WHAT IS REQUIRED:
Using the records that follow, reproduce exactly the lines starting at the line containing "Hombre y mujer" and ending at the line containing "4163 Heavy-Duty Aluminium". Include both end lines and no pictures.

MATERIAL PROVIDED:
★ ★ ★ ★
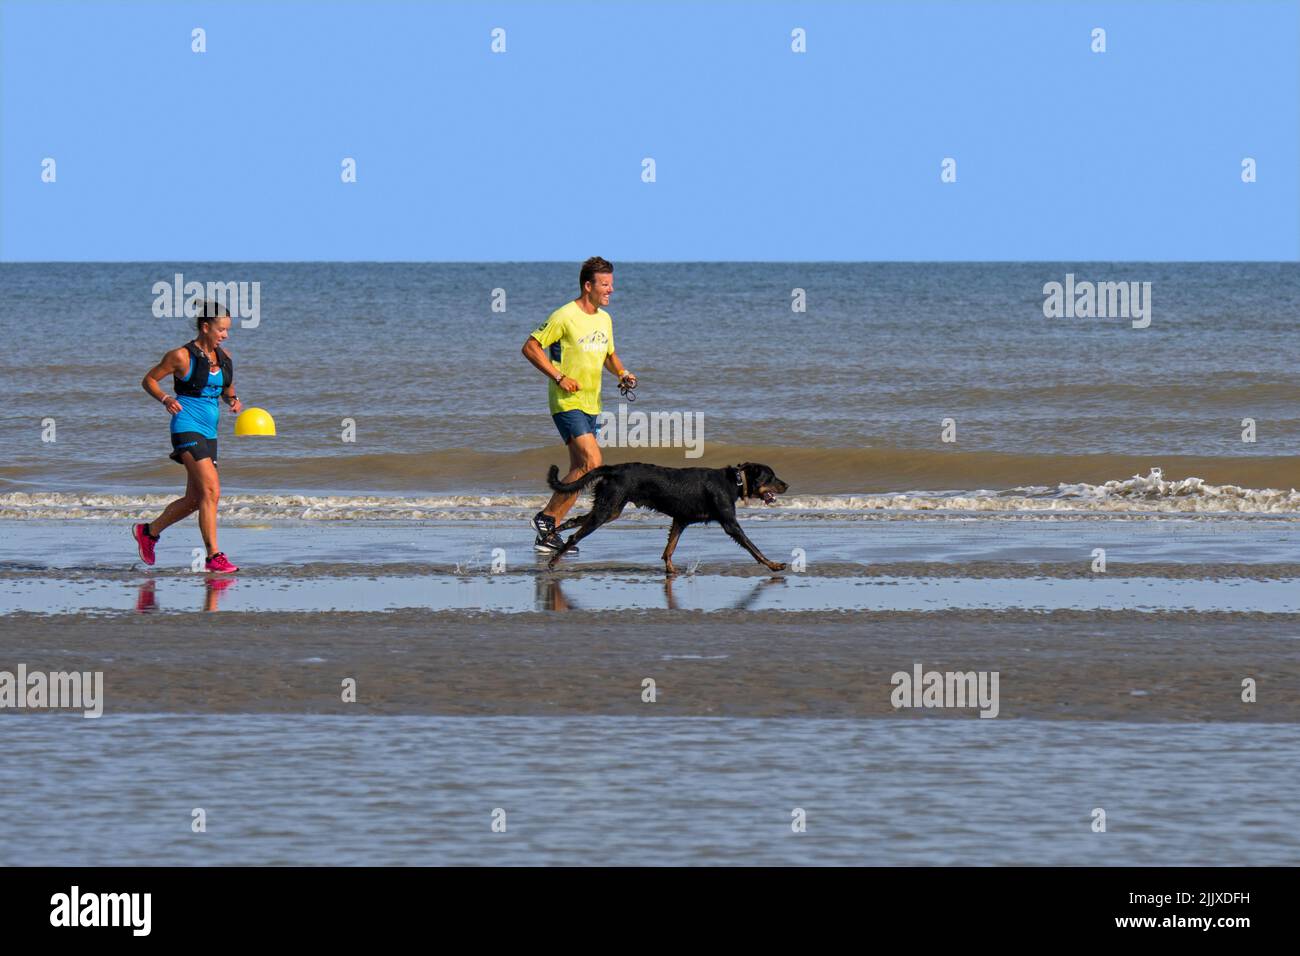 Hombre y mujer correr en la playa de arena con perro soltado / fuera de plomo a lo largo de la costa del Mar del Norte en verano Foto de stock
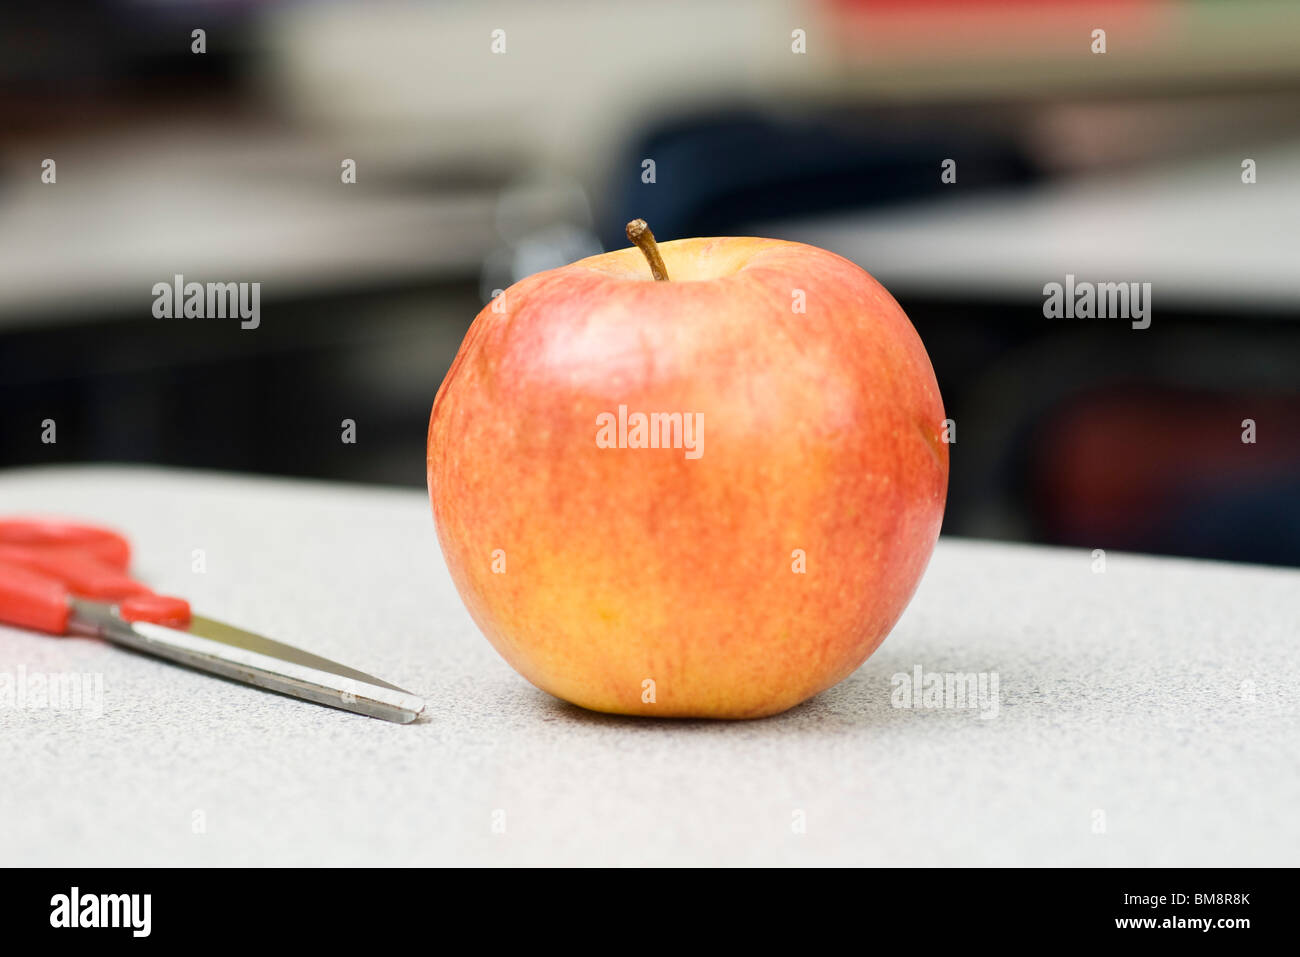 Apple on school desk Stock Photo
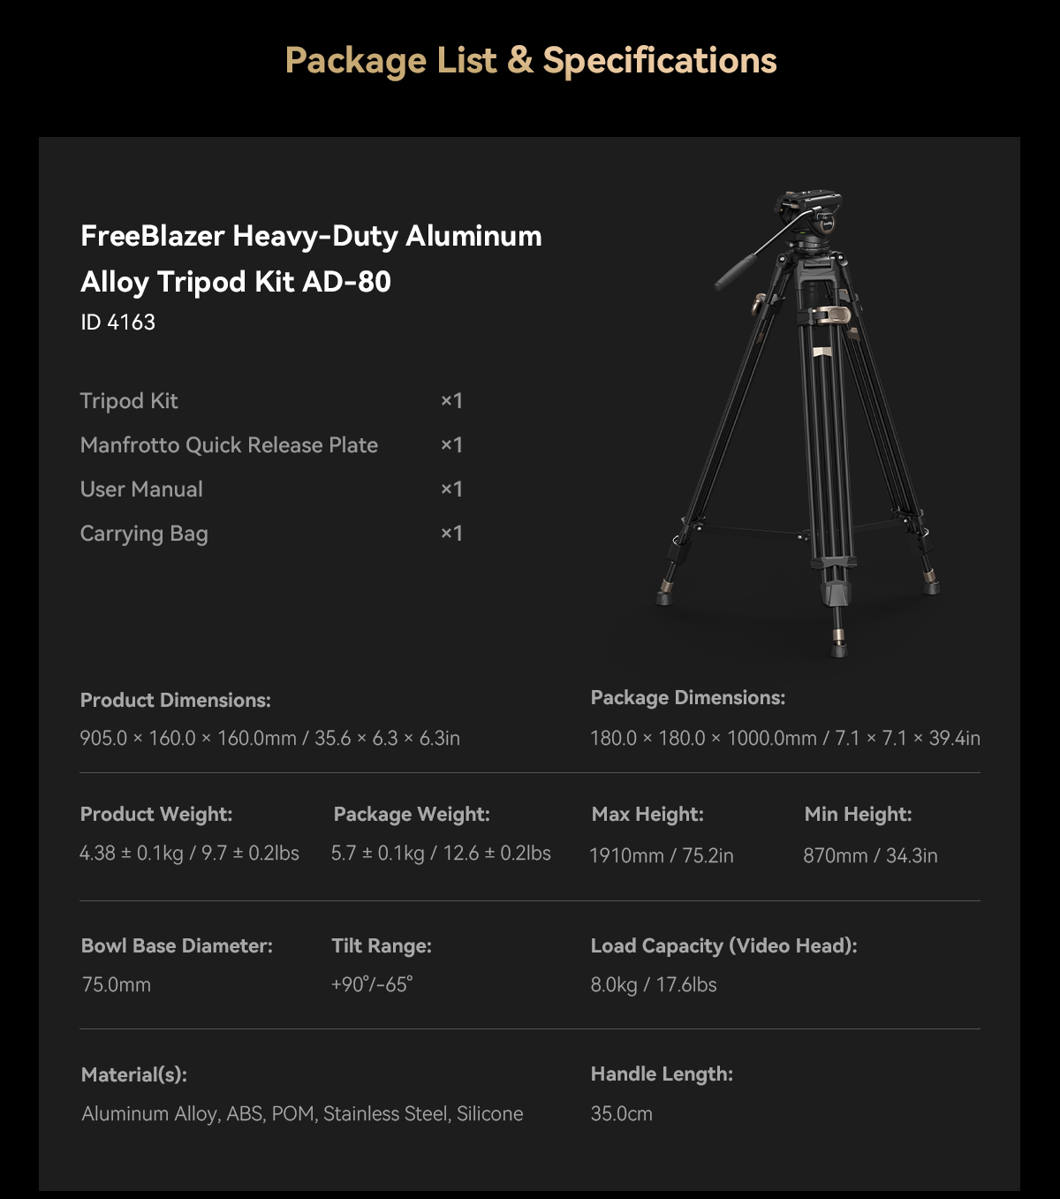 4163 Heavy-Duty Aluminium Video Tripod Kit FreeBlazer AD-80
★ ★ ★ ★
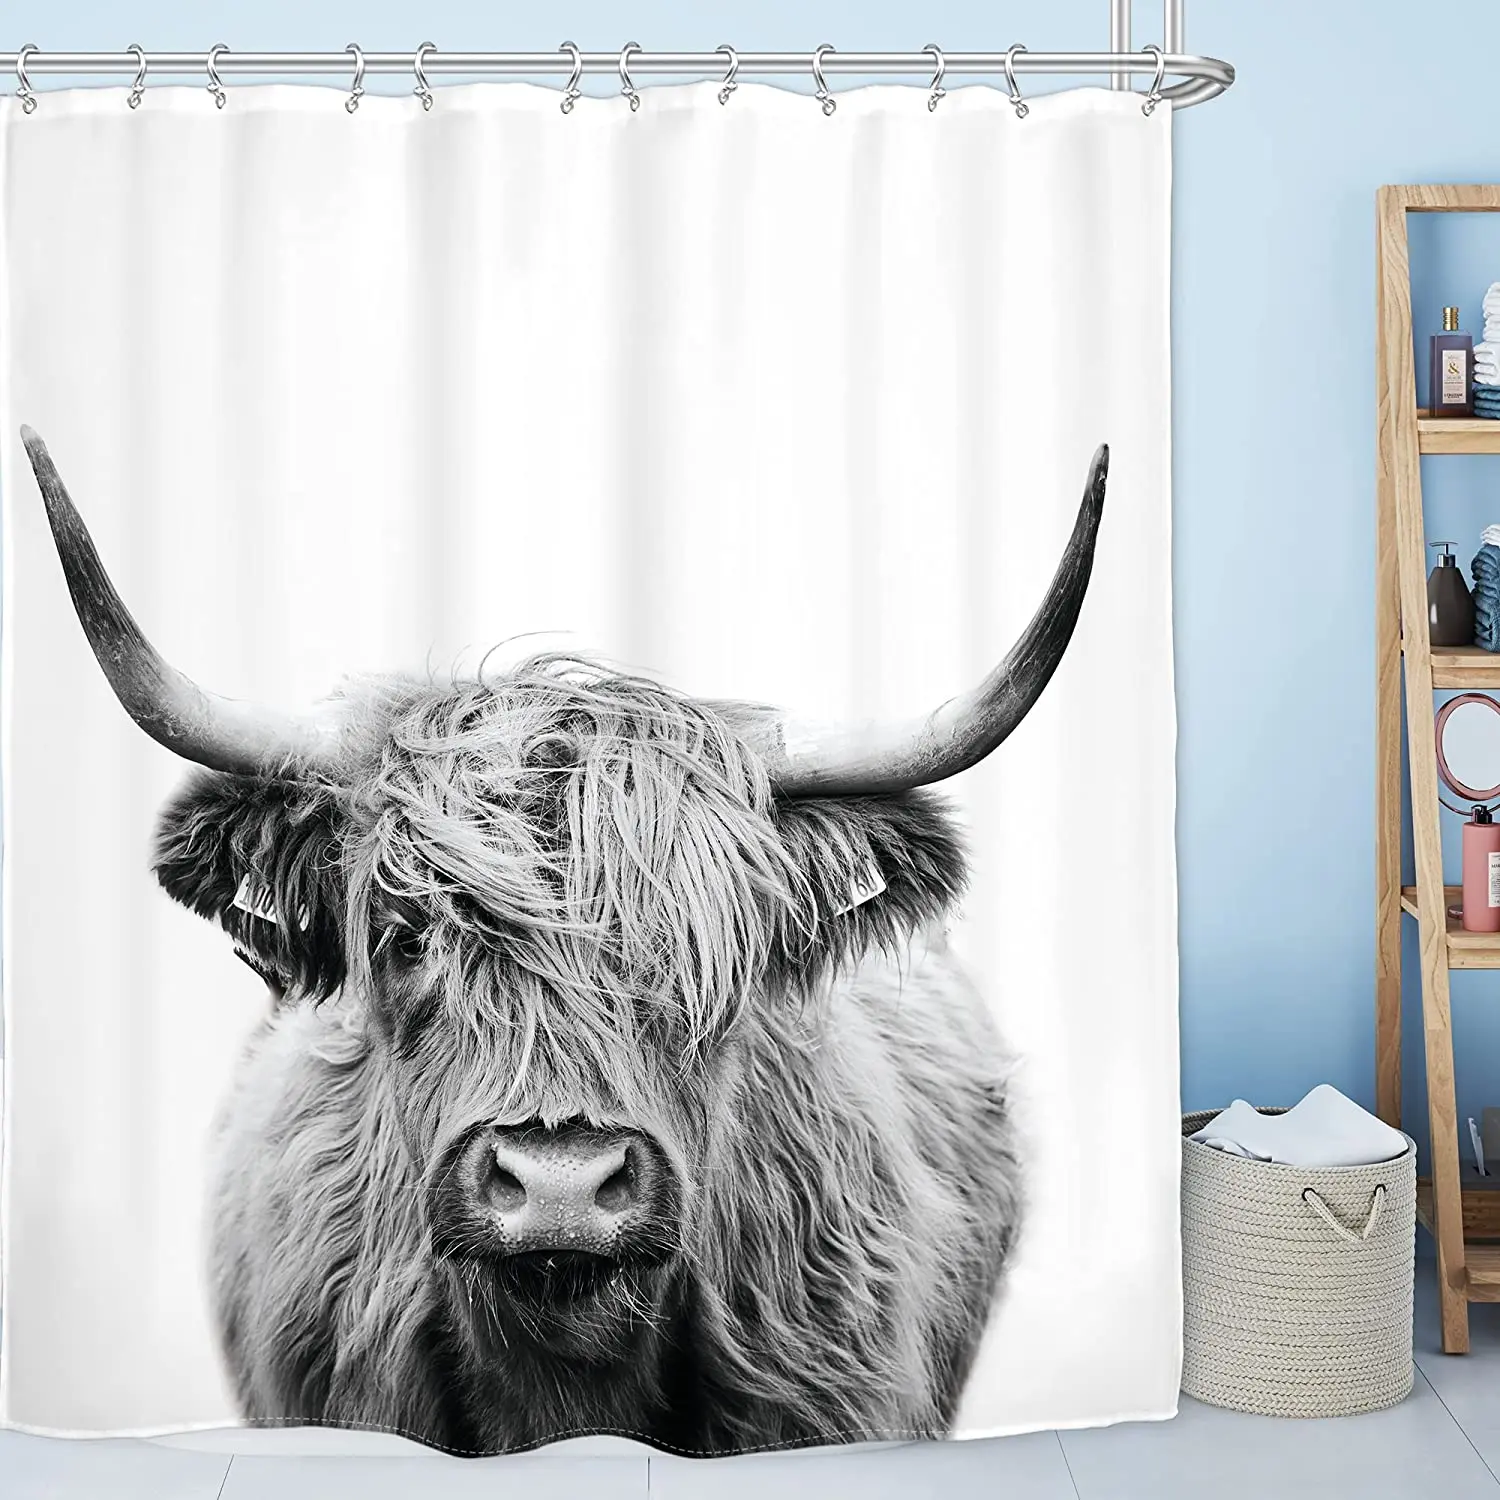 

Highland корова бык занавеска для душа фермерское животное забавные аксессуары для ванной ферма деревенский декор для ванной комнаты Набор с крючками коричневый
★ ★ ★ ★
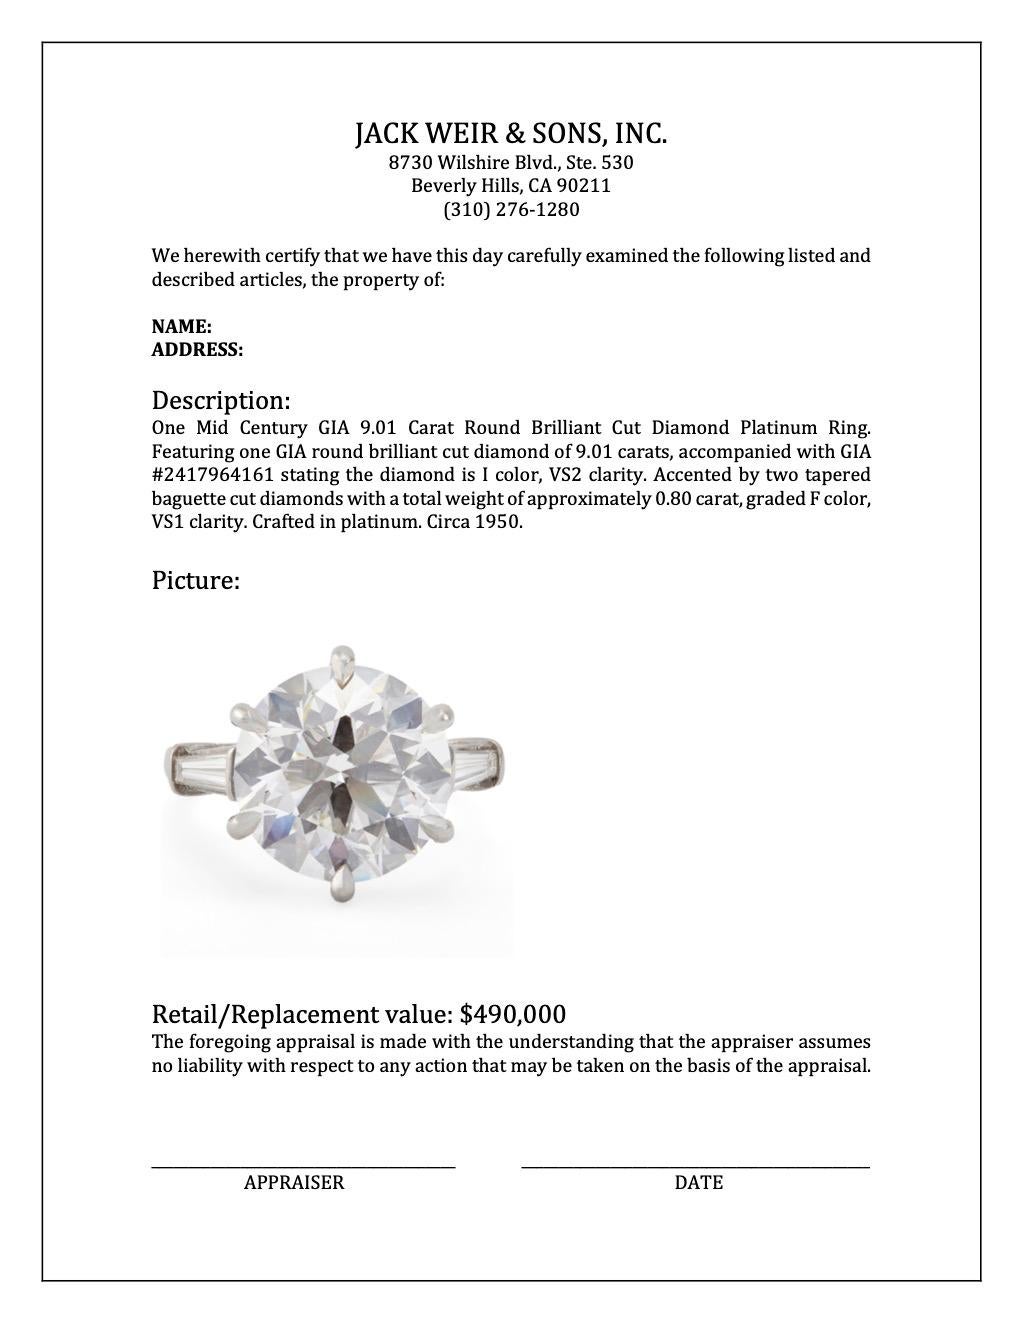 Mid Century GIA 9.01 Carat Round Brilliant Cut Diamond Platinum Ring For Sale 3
★ ★ ★ ★
EXPECTED ANSWER:
 Hombre y mujer correr en la playa de arena con perro soltado / fuera de plomo a lo largo de la costa del Mar del Norte en verano Foto de stock
 Apple on school desk Stock Photo
 4163 Heavy-Duty Aluminium Video Tripod Kit FreeBlazer AD-80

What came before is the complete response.